WASHINGTON, DC - APRIL 26:  U.S. President Donald Trump speaks before signing the Education Federalism Executive Order that will pull the federal government out of K-12 education, in the Roosevelt Room at the White House, on April 26, 2017 in Washington, DC.  (Photo by Mark Wilson/Getty Images)
Trump's latest tweet: US needs a good shutdown
01:03 - Source: CNN
Washington CNN  — 

President Trump endorsed the idea of shutting down the federal government at the end of September when the current funding bill runs out in a pair of tweets Tuesday morning.

Those tweets come just days after Trump bashed Democrats for their threat to – wait for it – shut down the government.

That contradiction aside, Trump’s shutdown strategy – if we can call it that – is not only a bad one but one that could cost Republicans dearly if they decide to follow it.

Here’s what we know about government shutdowns from the history of them over the past two decades:

1. People hate them.

2. It’s a high stakes gambit that often backfires on the party that is perceived to provoke it.

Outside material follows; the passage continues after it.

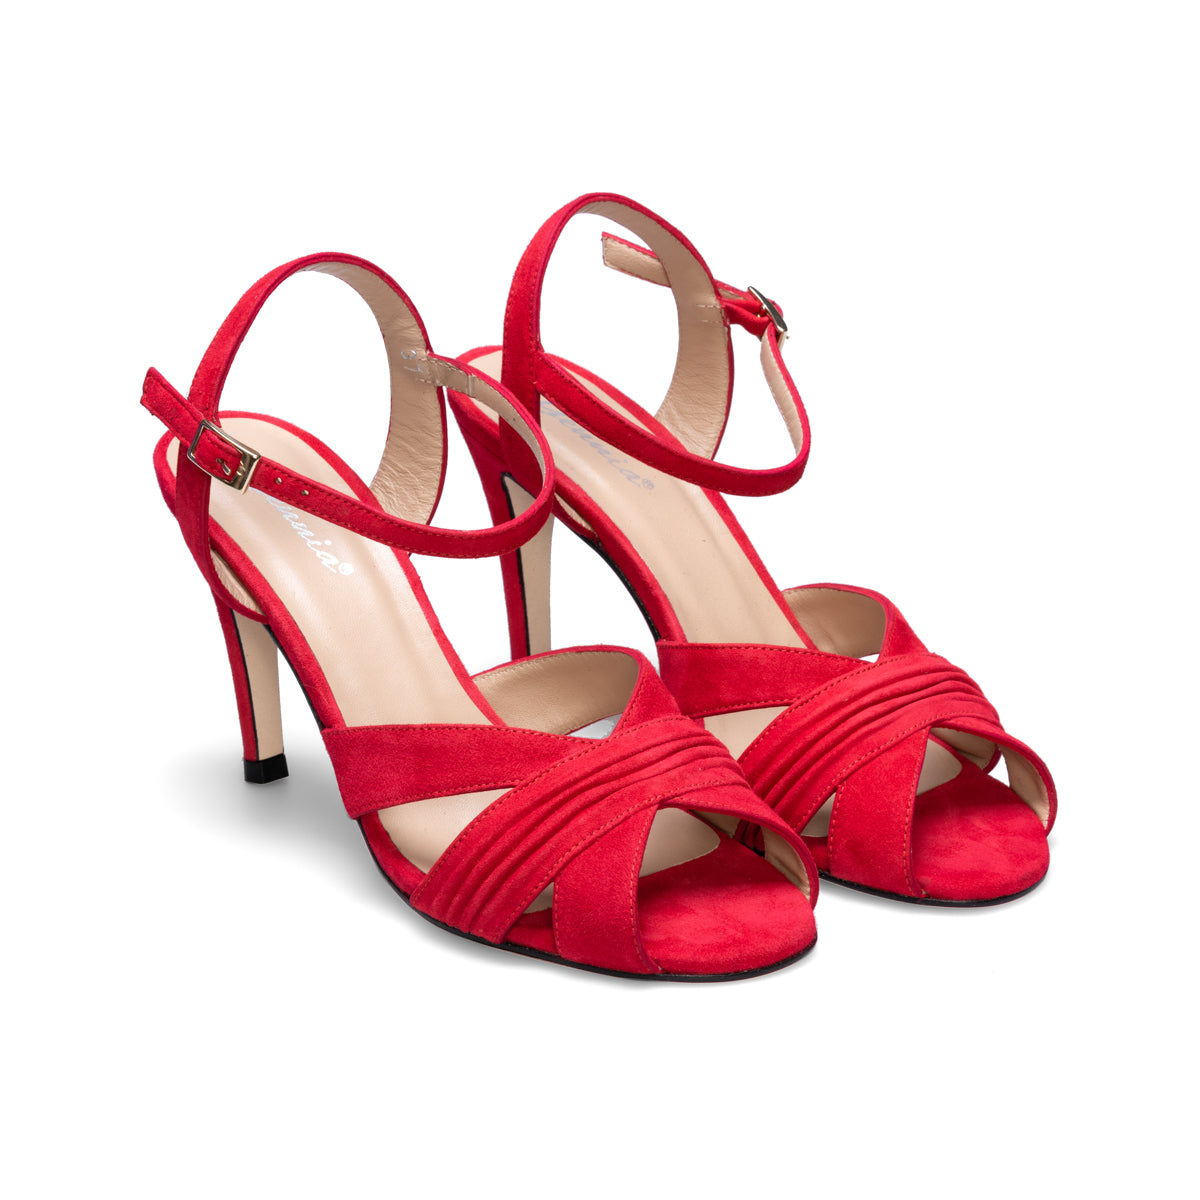 FERIDE Red Leather Suede

That unpredictability of outcomes is why most politicians do everything they can to avoid a government shutdown. Politicians hate unforeseen consequences – and a shutdown is full of them.

And, for Republicans, the shadow of Newt Gingrich still haunts them; the then Speaker’s decision to force a government shutdown showdown with then President Bill Clinton in late 1995 and early 1996 turned disastrous and led to Clinton’s sweeping 1996 victory.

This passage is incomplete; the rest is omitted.